## Exercise aim
Print out the data that follows exactly, character for character, apart from the pictures.
══ Exercise data
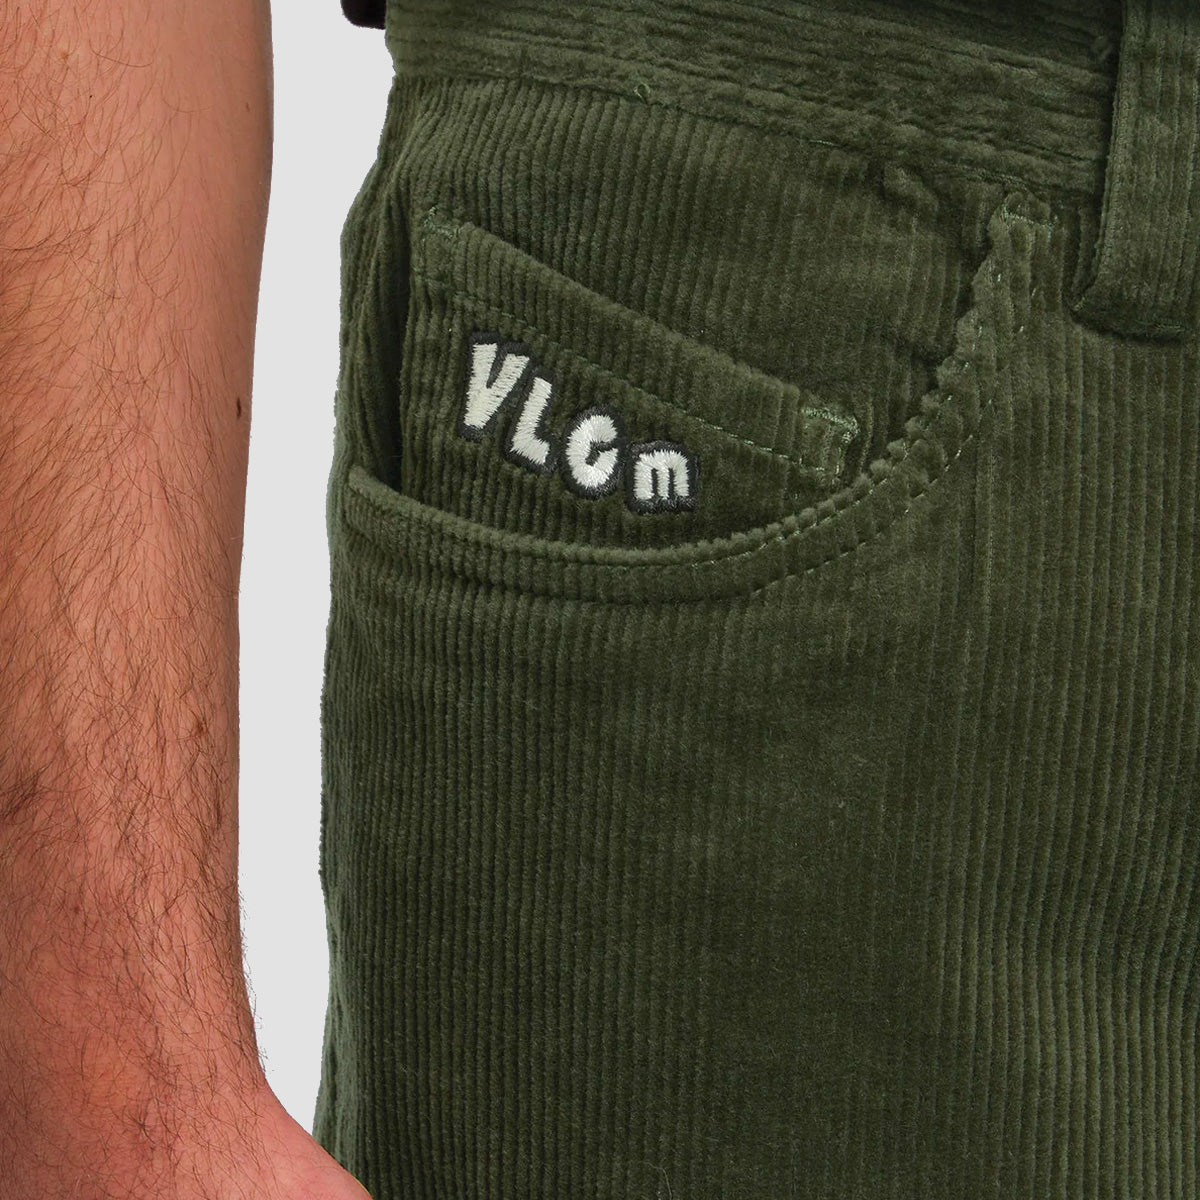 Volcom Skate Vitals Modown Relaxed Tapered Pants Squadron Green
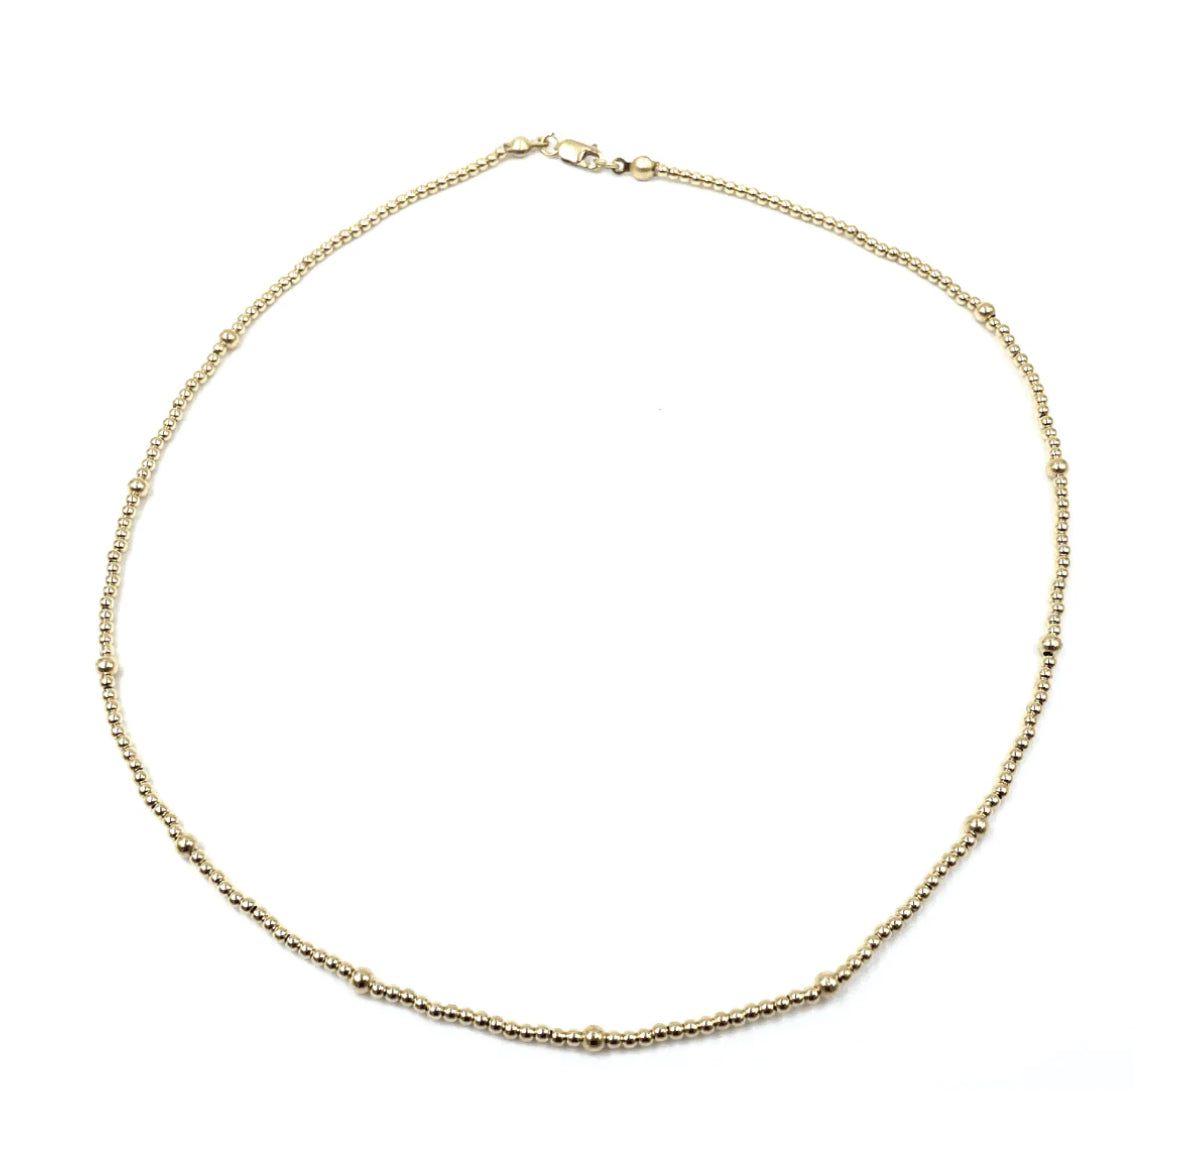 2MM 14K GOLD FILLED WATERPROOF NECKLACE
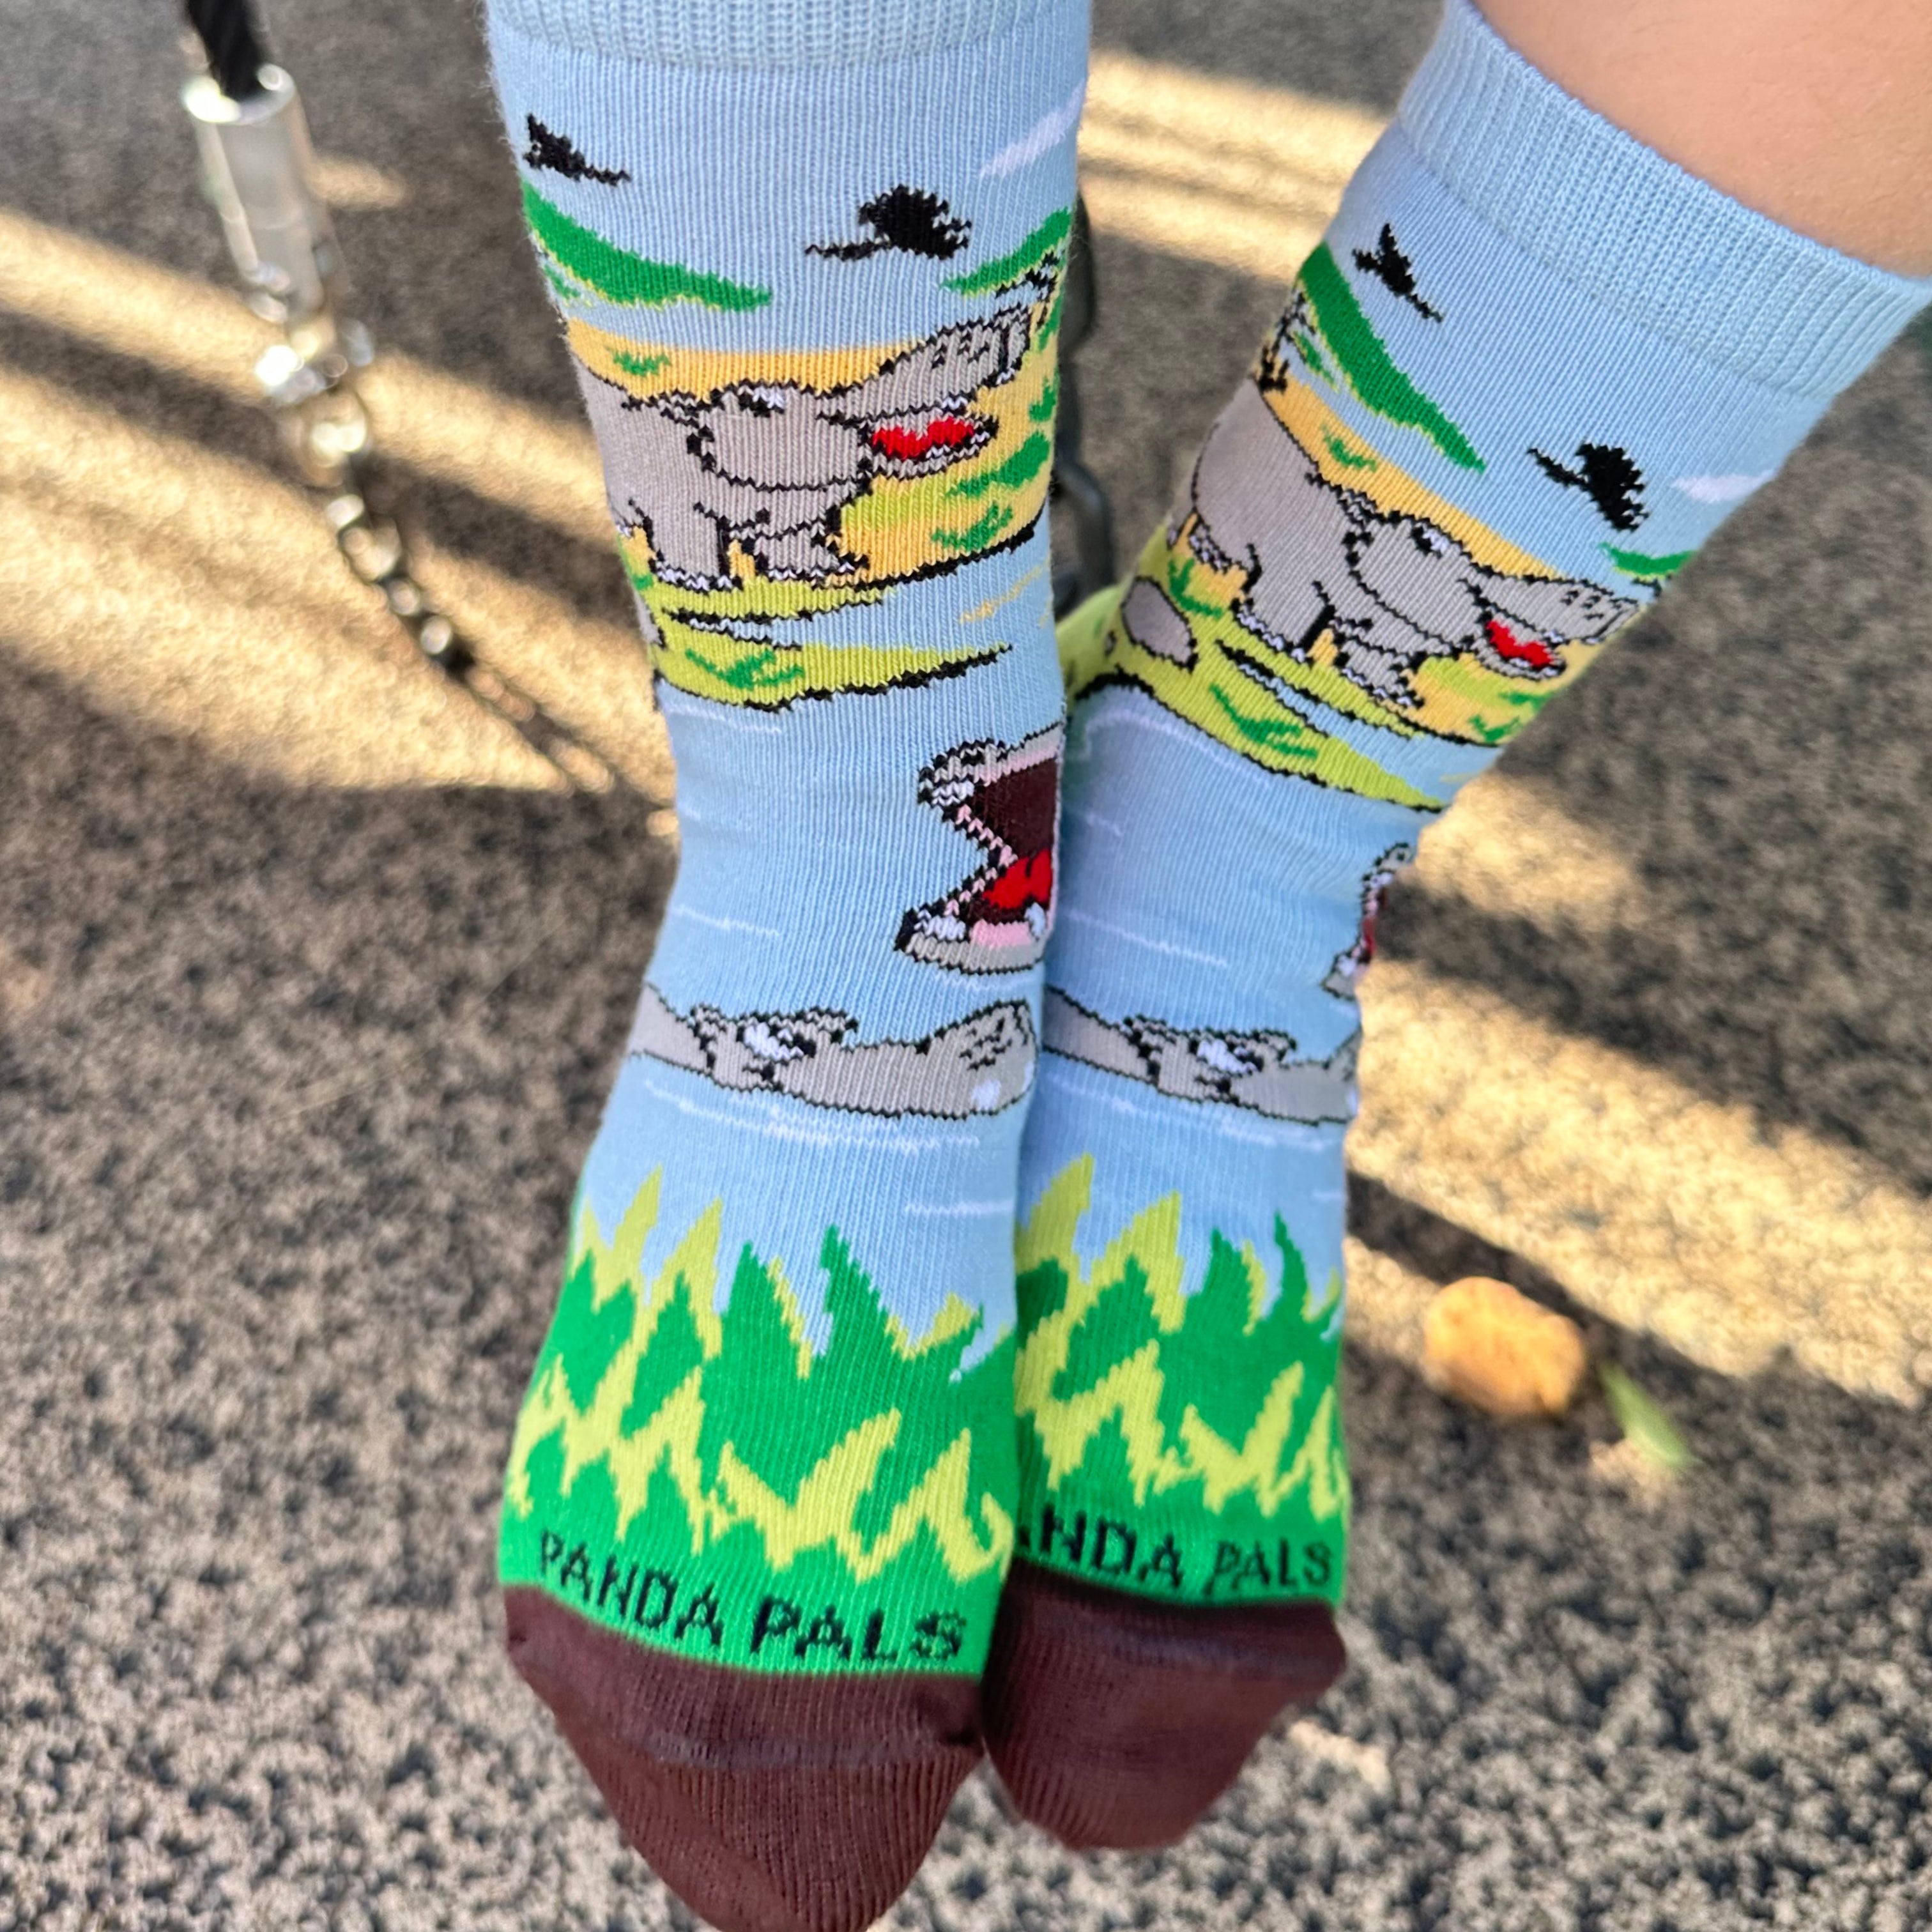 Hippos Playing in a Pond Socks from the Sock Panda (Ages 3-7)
════
## Solution for this problem
 Volcom Skate Vitals Modown Relaxed Tapered Pants Squadron Green
 2MM 14K GOLD FILLED WATERPROOF NECKLACE
 Hippos Playing in a Pond Socks from the Sock Panda (Ages 3-7)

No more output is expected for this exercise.